There is certainly a role for standards. I think we must recognize that metabolomics is a
broad field, and often analytical chemists, biologists and clinicians don’t always have
shared views on this subject. So there has to be compromise and it has to be
affordable. I certainly support the NIH sponsored Metabolomics Standards Workshop
and efforts such as these to propose common standards for reporting metabolomics
results
11.
Do you have any other comments that you wish to share about metabolomics?
I think these are exciting times for students entering metabolomics as it has such broad
applications, particularly towards improving our quality of life: whether through profiling
environmental metabolites and metabolic by-products in the soil or water, or plant
phytochemicals, in food, health, disease, tailoring drug dosage in pharmacometabolomics for “personalized” medicine, or “Green” technologies such as biofuels--there is plenty of room for both R&D. I also see metabolomics as a great example of a
where academia and instrument vendors with strong R&D programs can combine
forces to tackle some of the difficult problems.

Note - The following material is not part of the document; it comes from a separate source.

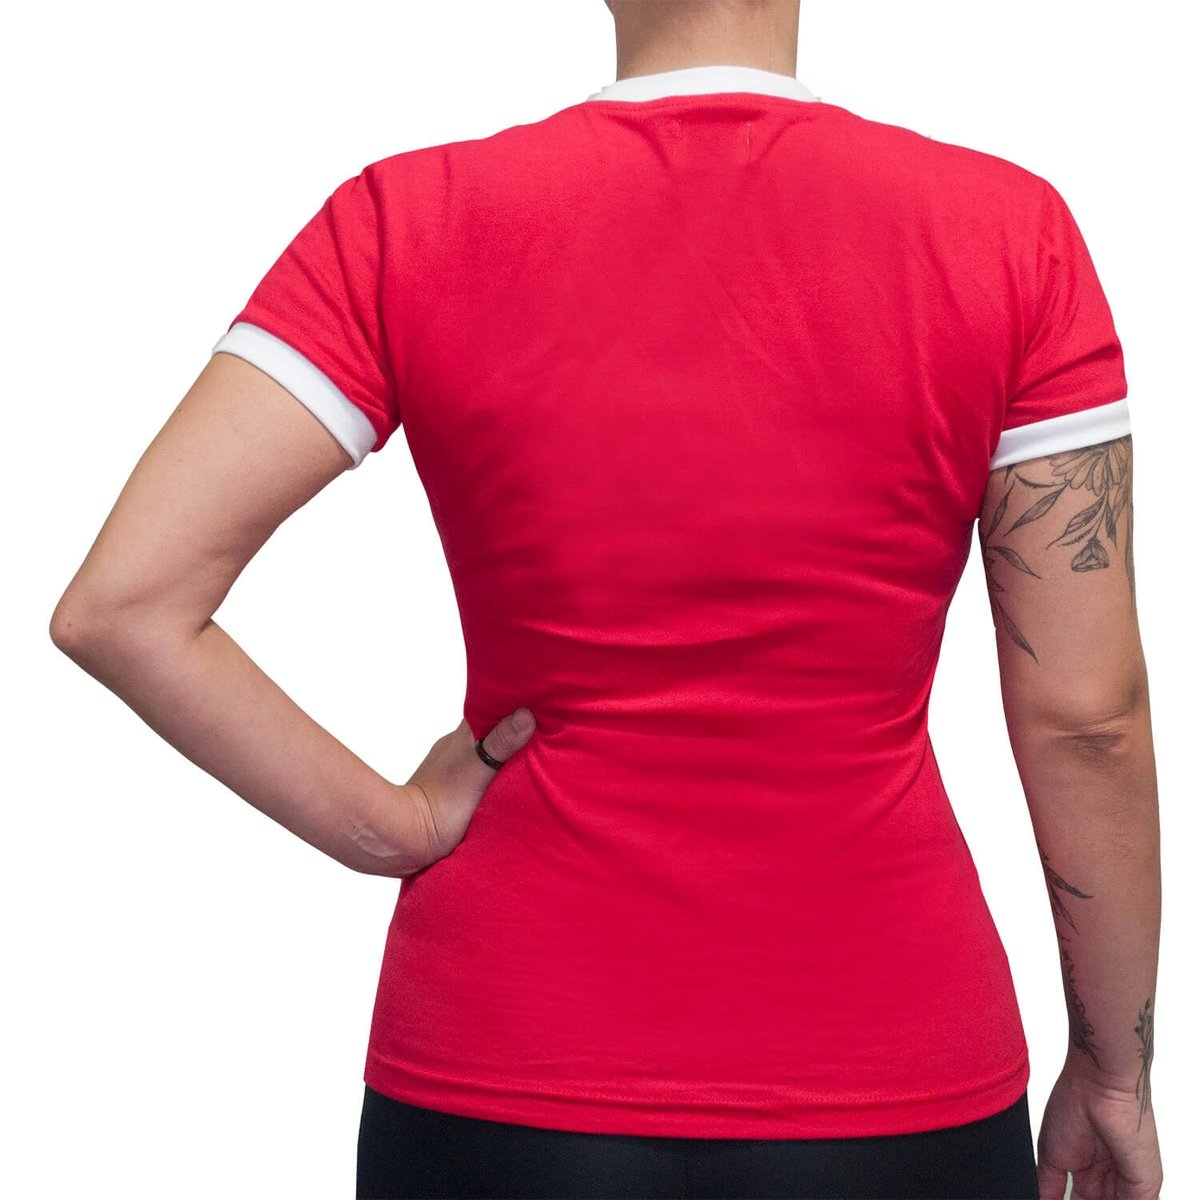 ... Vermelho Retrô Camisa Retrô Camisa Internacional 1975 Mania Feminina  g00qEwZ6a ... f865d3d6f0936

Finally, I would like to dedicate this article to the memory of a dear colleague of mine, Alan Kuchinsky,
who passed away this summer. Many readers, especially those in the Cytoscape community will
recognize his name. He was responsible for my transferring from R&D to the Systems Biology group in
Labs. His work ethic and dedication to his academic collaborators; some of the leading research groups
in Systems Biology, served as an example of Agilent Labs’ spirit for both identifying and developing key
technologies that ultimately benefit our customers.